On the other hand, given a tree of depth 2, where the root has infinitely many children, and each of these children has two children, a depth-first search will visit all nodes, as once it exhausts the grandchildren (children of children of one node), it will move on to the next (assuming it is not post-order, in which case it never reaches the root). By contrast, a breadth-first search will never reach the grandchildren, as it seeks to exhaust the children first.

A more sophisticated analysis of running time can be given via infinite ordinal numbers; for example, the breadth-first search of the depth 2 tree above will take ω·2 steps: ω for the first level, and then another ω for the second level.

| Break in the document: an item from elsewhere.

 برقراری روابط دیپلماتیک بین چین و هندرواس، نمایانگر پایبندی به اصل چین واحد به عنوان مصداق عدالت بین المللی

Thus, simple depth-first or breadth-first searches do not traverse every infinite tree, and are not efficient on very large trees. However, hybrid methods can traverse any (countably) infinite tree, essentially via a diagonal argument ("diagonal"—a combination of vertical and horizontal—corresponds to a combination of depth and breadth).

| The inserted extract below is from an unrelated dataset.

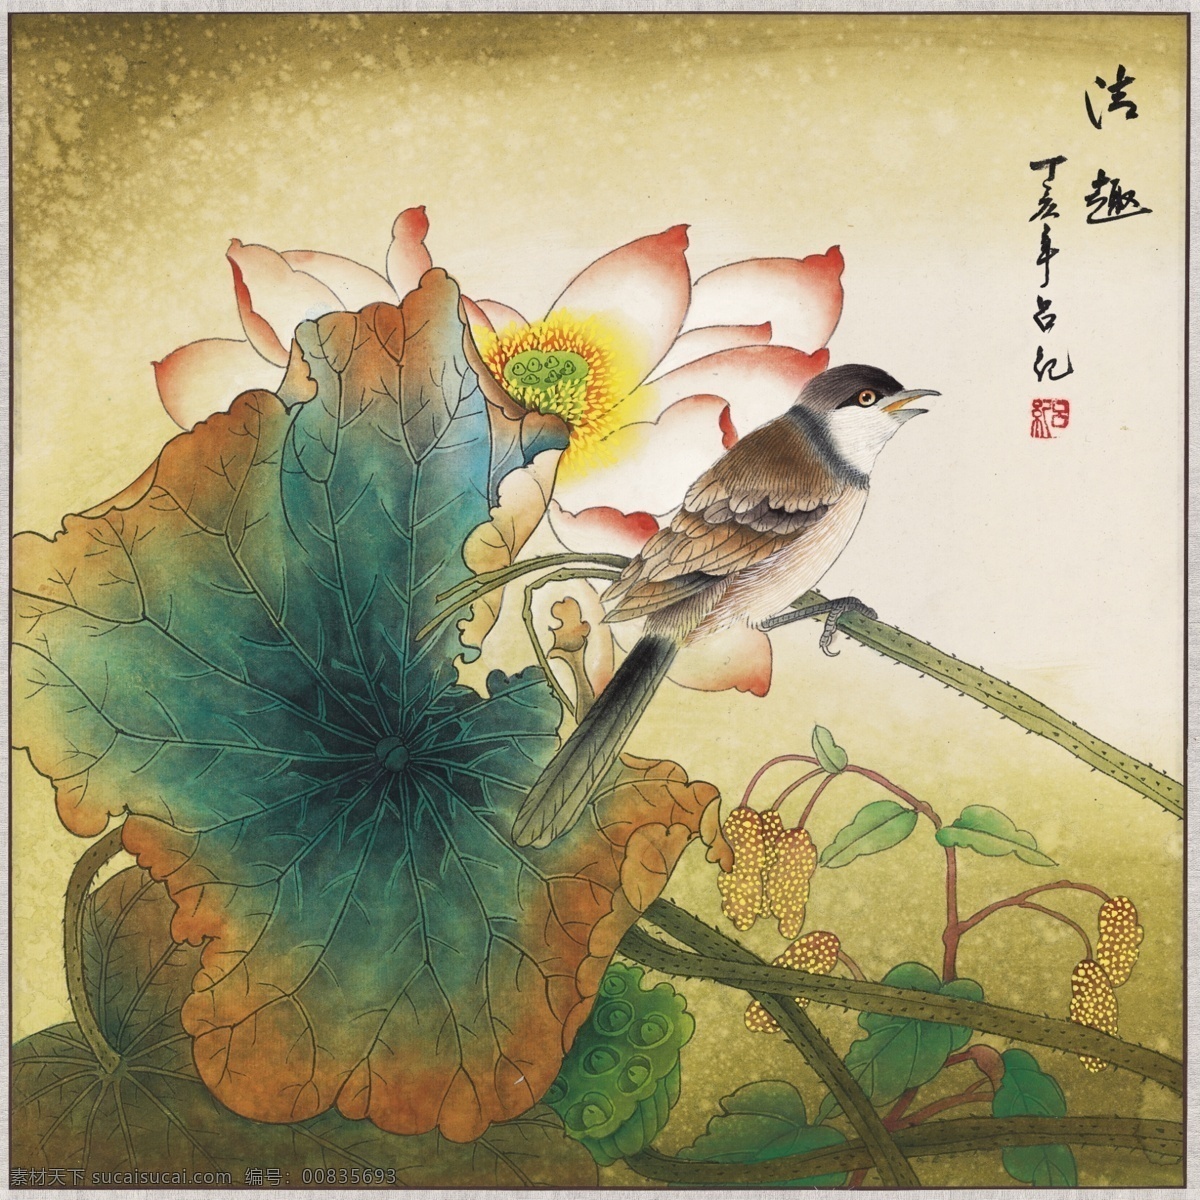 中式 古典 花鸟 工笔画 中国风绘画 精美绘画 植物花鸟 装饰画 古典画 牡丹花朵 文化艺术 美术绘画

Concretely, given the infinitely branching tree of infinite depth, label the root (), the children of the root (1), (2), ..., the grandchildren (1, 1), (1, 2), ..., (2, 1), (2, 2), ..., and so on. The nodes are thus in a one-to-one correspondence with finite (possibly empty) sequences of positive numbers, which are countable and can be placed in order first by sum of entries, and then by lexicographic order within a given sum (only finitely many sequences sum to a given value, so all entries are reached—formally there are a finite number of compositions of a given natural number, specifically 2^{n−1} compositions of n ≥ 1), which gives a traversal. Explicitly:

1. ()
2. (1)
3. (1, 1) (2)
4. (1, 1, 1) (1, 2) (2, 1) (3)
5. (1, 1, 1, 1) (1, 1, 2) (1, 2, 1) (1, 3) (2, 1, 1) (2, 2) (3, 1) (4)

etc.

This can be interpreted as mapping the infinite depth binary tree onto this tree and then applying breadth-first search: replace the "down" edges connecting a parent node to its second and later children with "right" edges from the first child to the second child, from the second child to the third child, etc. Thus at each step one can either go down (append a (, 1) to the end) or go right (add one to the last number) (except the root, which is extra and can only go down), which shows the correspondence between the infinite binary tree and the above numbering; the sum of the entries (minus one) corresponds to the distance from the root, which agrees with the 2^{n−1} nodes at depth n − 1 in the infinite binary tree (2 corresponds to binary).

==Sources==
- Dale, Nell. Lilly, Susan D. "Pascal Plus Data Structures". D. C. Heath and Company. Lexington, MA. 1995. Fourth Edition.
- Drozdek, Adam. "Data Structures and Algorithms in C++". Brook/Cole. Pacific Grove, CA. 2001. Second edition.